こうした構成であるので、このかるたは実際にどのような遊技として成り立つのかを考えてみると、これは、オランダ語の「言葉を読みて絵を取る」ものであると考えられる。「アープ」と読まれて、皆で「猿」の絵札を探す遊技である。もちろん、文字札の日本語表記の「猿」を読んで対応する「猿」の絵札を取る遊技法、通常の「絵合せかるた」として遊技することも可能であるが、それではこのかるたに特有の特性が生かせない。「アープ」と読まれて「猿」を取る動作の繰り返しでオランダ語では猿のことをアープというと記憶するように、というのがこのかるたの教育的な狙いであり、日本語表記は、「アープ」では誰も絵札が取れなかったときに、「猿のことだよ」とヒントを出す程度の使われ方であろう。

 

もう一つの遊技法は、「人数にくばりてふせるもよし」とされているものであり、百枚の絵札を人数に均等に割り当て、それを四角く、あるいは山形に並べて、読み手が読み上げたカードは裏返しして伏せることを繰り返し、早く縦、横などに一列のカードが伏せられたときにポイントになるという遊技法である。今日の遊戯でいえばビンゴに近い、古くからある歌合せかるたの遊技法を応用したものといえよう。

 

この「倭蘭あはせかるた」の内容は次のようになる。

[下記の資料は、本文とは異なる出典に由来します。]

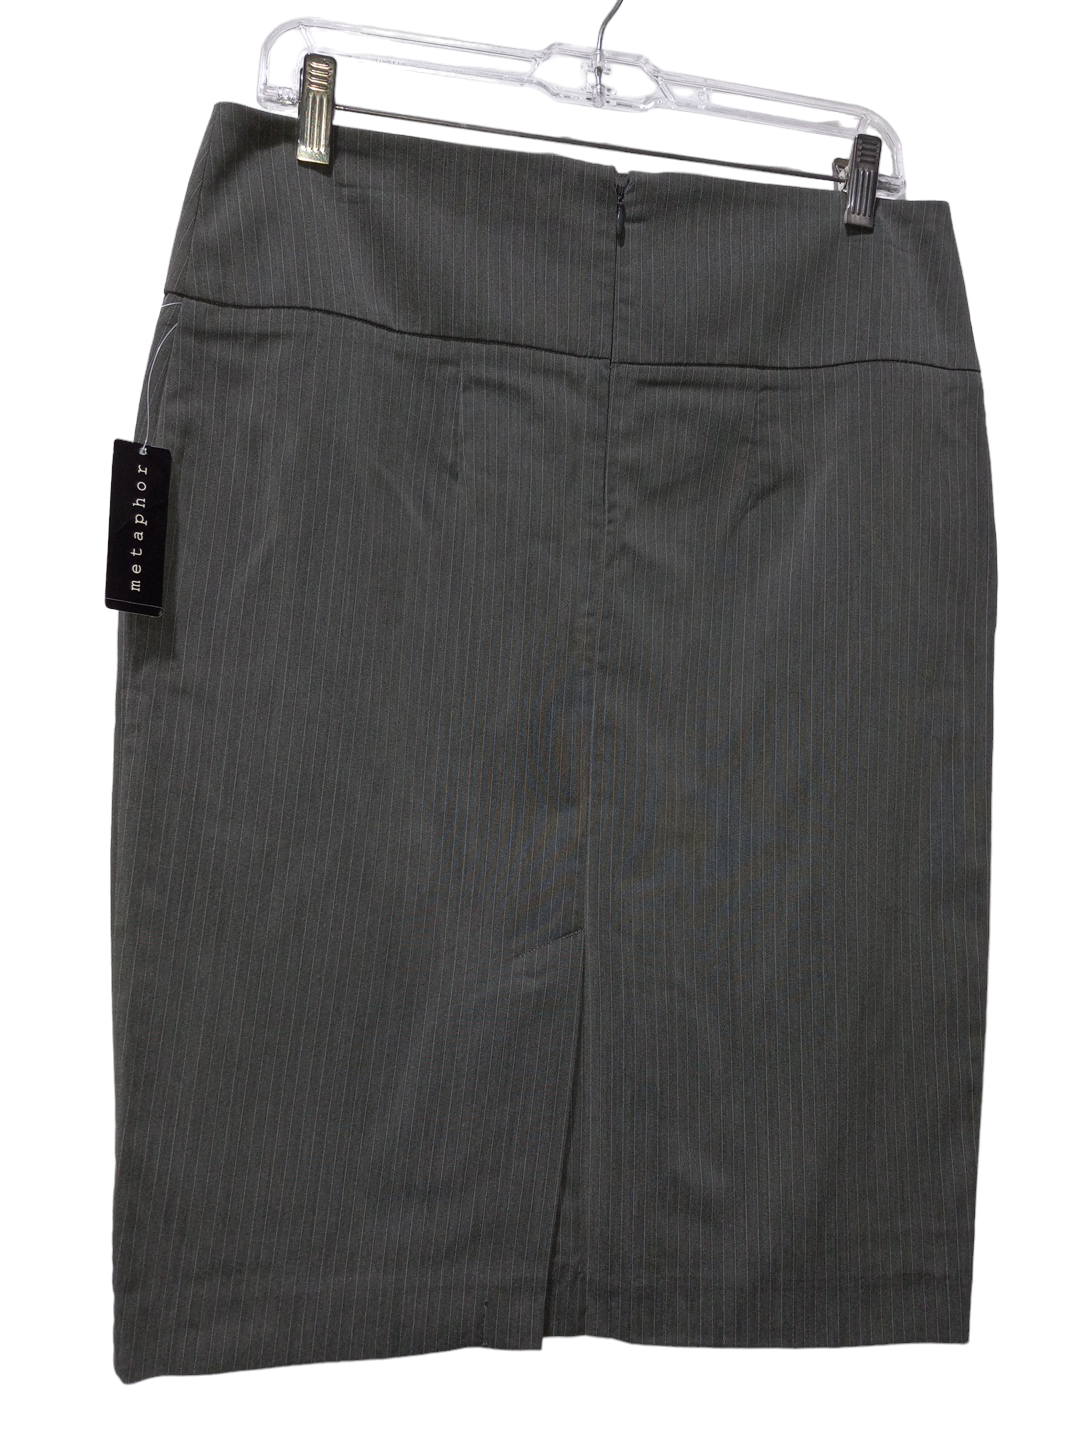 Grey Skirt Midi Metaphor, Size S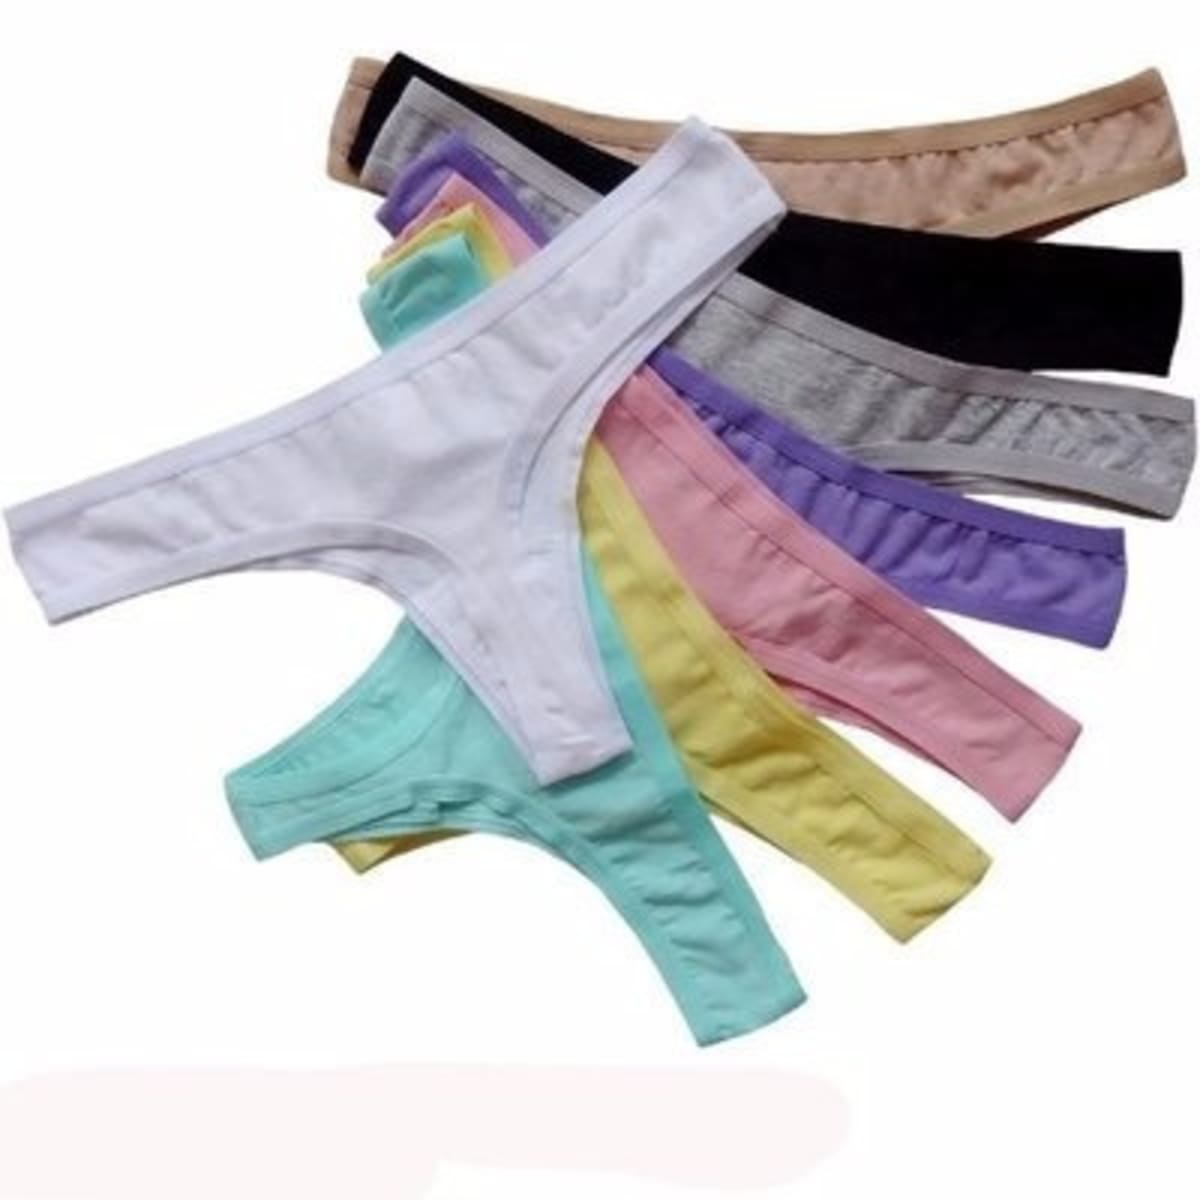 https://www-konga-com-res.cloudinary.com/w_400,f_auto,fl_lossy,dpr_3.0,q_auto/media/catalog/product/W/o/Women-s-Thong-Panties-Set---Multicolour-7930166.jpg

各語の末尾に参考までに私の考えたオランダ語のスペルを(  )内に記したが、よく理解できないものもあり、誤解が少なくないことを恐れる。

 

 

 

倭蘭あはせかるた

 

一枚目

「テーゲル ていげる 虎 とら」(tijger)

「ダラーカ たらあか 龍 りう」(draak)

「ベール べいる 熊 くま」(beer)

「パールド ぱあるど 馬 うま」(paard)

「クーベースト たあべいすと 牛 うし」(koebeest)

「ウヰルドファルケン うゐるどふあるけん 野猪 ゐのしゝ」(wildvarken)

「ホンド ほんど 犬 いぬ」(hond)

「モイスロット もいすろっと 鼡 ねつみ」(muisrat)

「ハルトベヱスト はるとべゑすと 鹿 しか」(hertbeest)

「アープ あいぷ 猿 さる」(aap)

「ダス だす 狸 たぬき」(das)

「タムメファルケン たむめふあるけん 豕 ぶた」(tamevarken)

「キットホルス きっとほるす 蝦蟆 ひきかいる」(kikvors)

「キニーホンド きにいほんど 狒林狗 ちん」(kingiehonde)

「カット かと 猫 ねこ」(kat)

「ハース はあす 兎 うさぎ」(haas)

「ステーンブラッセム すていんぶらっせむ 鯛 たい」(zeebrassem)

「ワルヒス わるひす 鯨 くじら」(walvis)

「カルペル かるぺる 鯉 こい」(karper)

「セースピンネコップ せいすひんねこっぷ 章魚 たこ」(zeespinnekop)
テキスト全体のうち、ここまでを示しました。